Daily Telegraph: Al-Nusra Split
Local Editor
The Daily Telegraph British daily reported Monday that al-Nusra Front militants have withdrawn from the front line against the Syrian regime forces in the northern Syrian city of Aleppo.
According to rebel leaders the Front's militants appear to have turned their back on their Syrian leader.
"They are said to have become disillusioned since their Syrian leader, Abu Mohammed al-Jolani, affirmed his loyalty to al-Qaeda after an apparent takeover at the top of the Front by hardline extremists from Iraq," it added.
"The group has split," Mohammed Najib Bannan, the head of the so-called Aleppo Judicial Committee's military arm, said.
Al-Nusra is also said to have withdrawn from the so-called court system.
The split was confirmed by other activists and officials belonging to both units running services in Aleppo and military brigades. The latter also commented on their disappearance from much of Aleppo.

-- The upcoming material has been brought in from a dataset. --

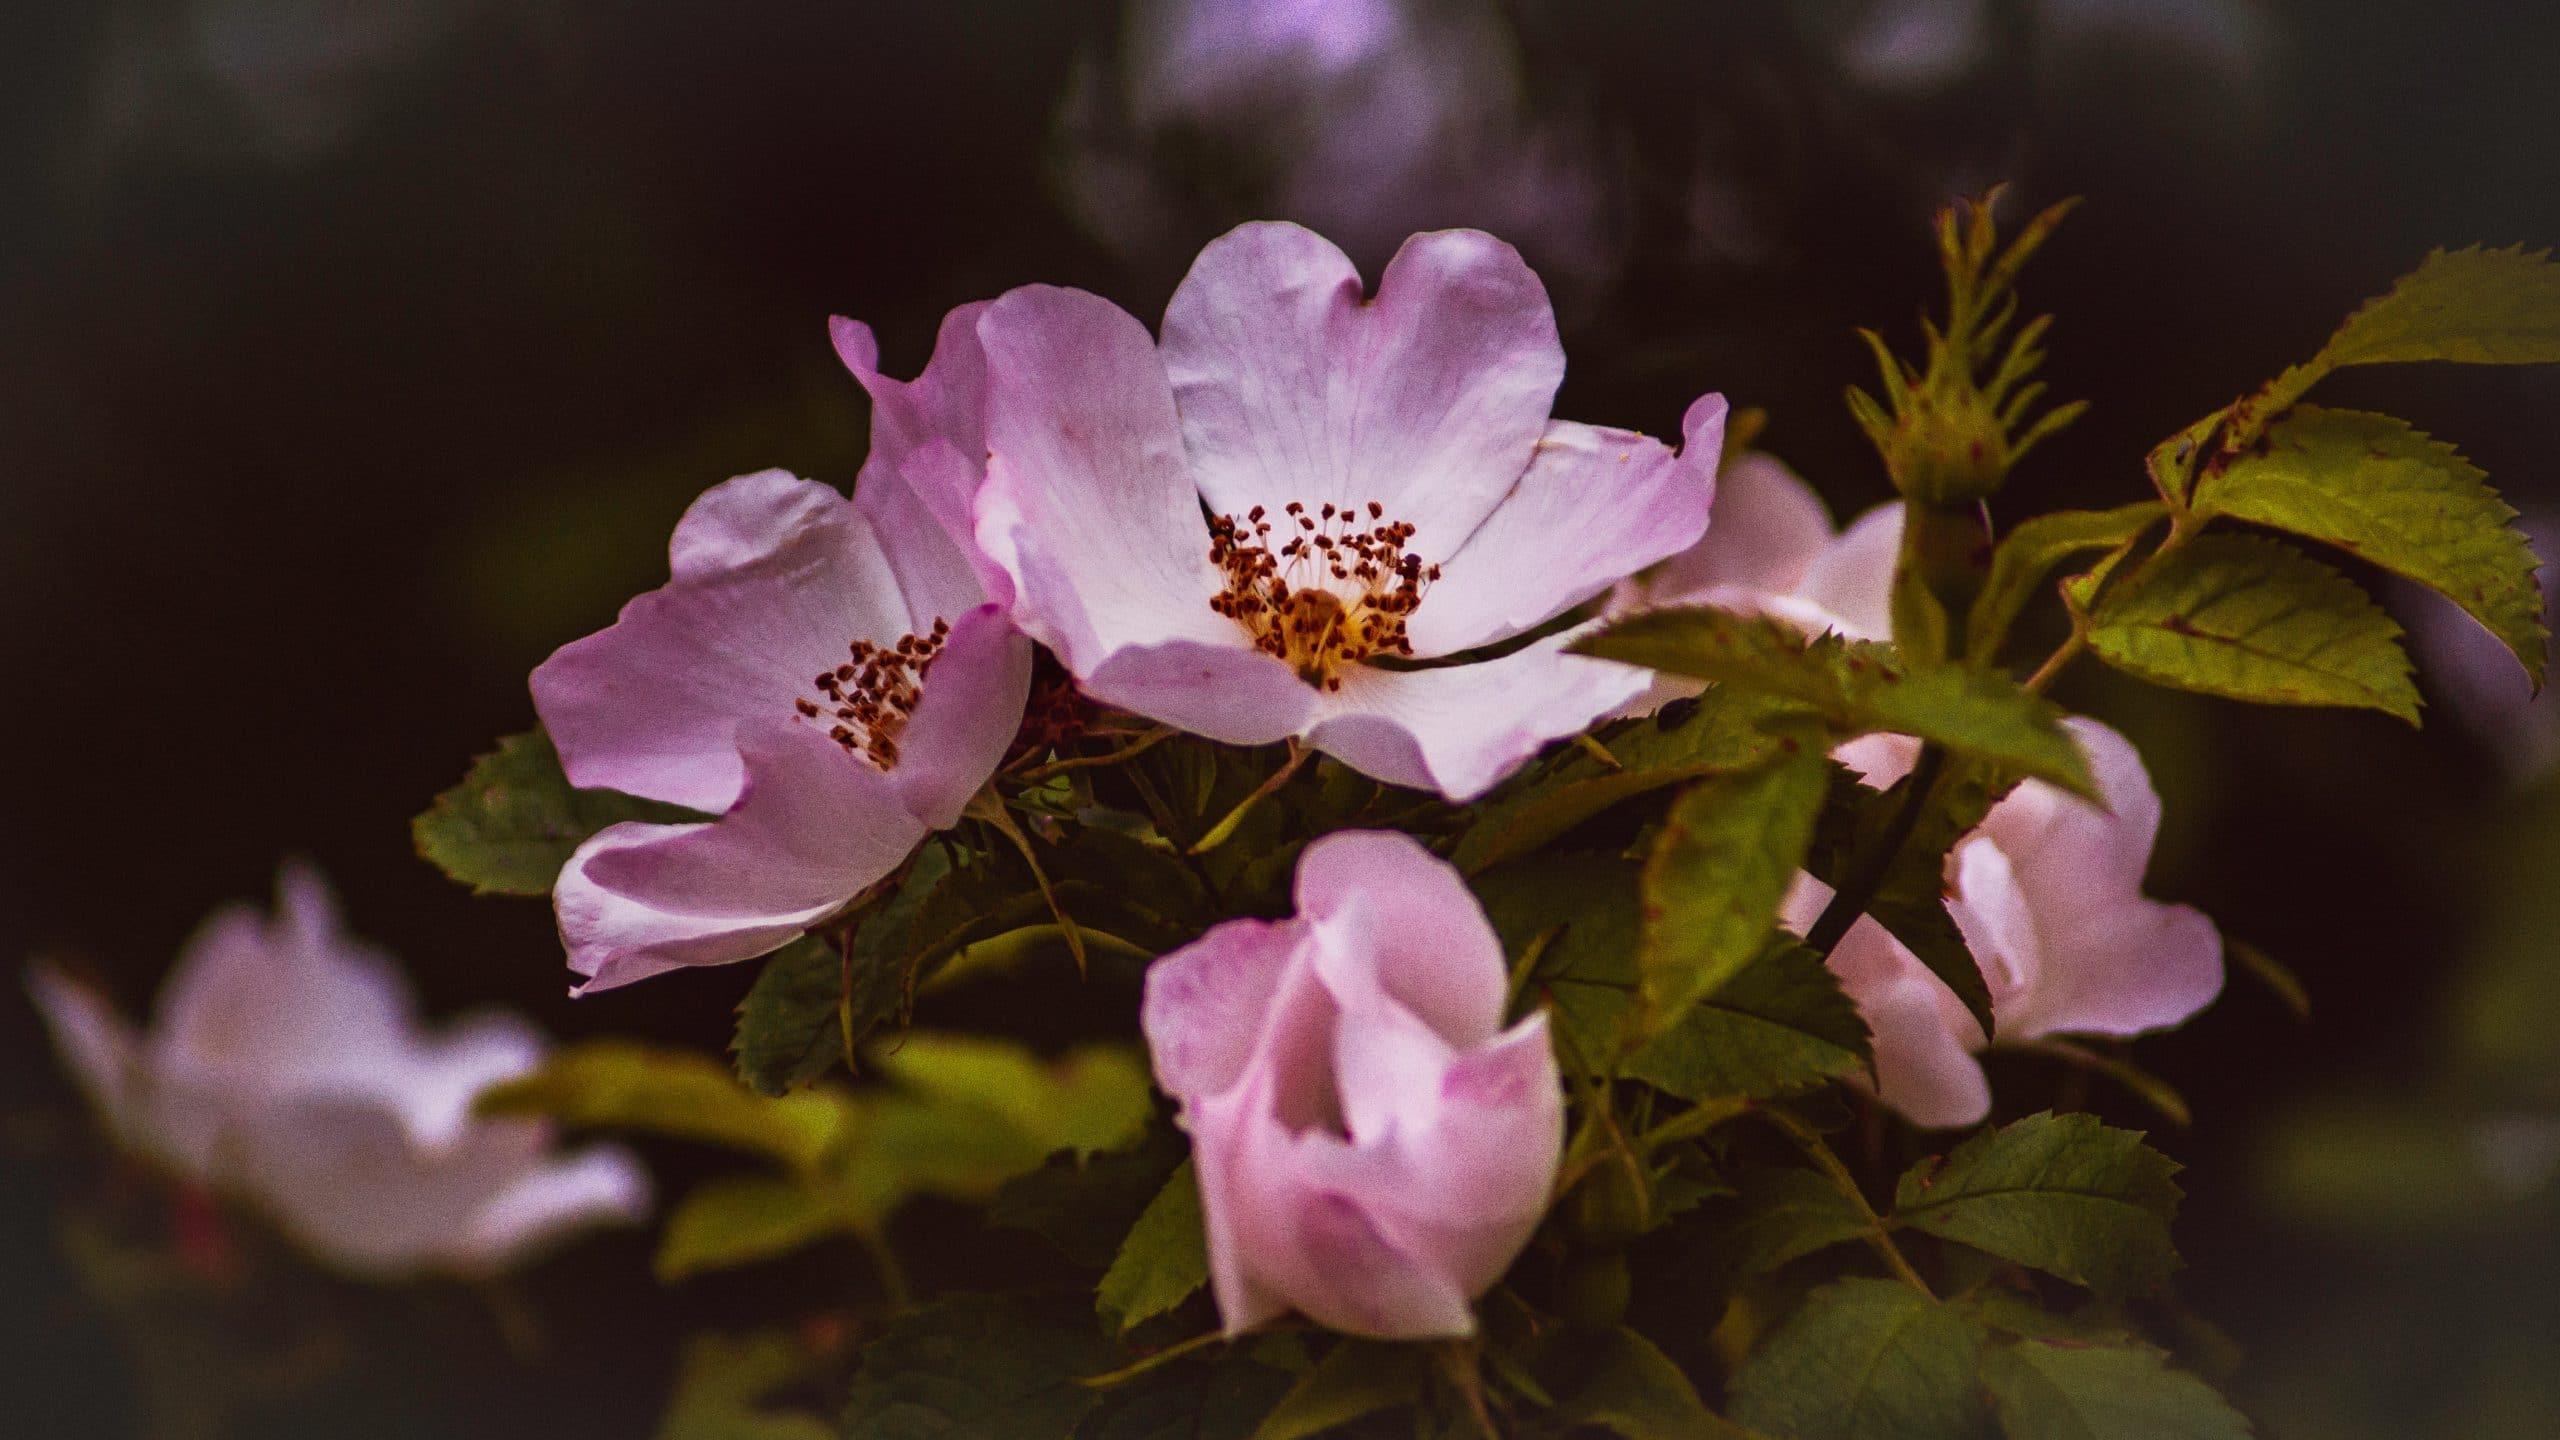 Les fleurs de Bach, qu'est-ce que c'est ?

Abdulaziz "Abu Jumaa" al-Salameh, political leader of the biggest brigade in Aleppo, Liwa Tawhid, said that after months in which men had defected to al-Nusra, the tide had begun to turn in the opposite direction. He said in recent days an entire unit of 120 men had left al-Nusra to rejoin Tawhid.
"Before they declared their connection to Zawhiri, we were close," he said. "Now that's all changed."
One rebel militia leader in Aleppo said hostilities against the regime had been put on hold all last week while a group of brigades carried out an order to expel a militia called Ghoraba al-Sham which had been accused of "going rogue" and indulging in a looting rampage.
By today, 200 of its members had been rounded up and jailed, according to rebel officials, and it had been removed from checkpoints at a main entrance to town which was closed briefly on Wednesday during fighting between the two sides.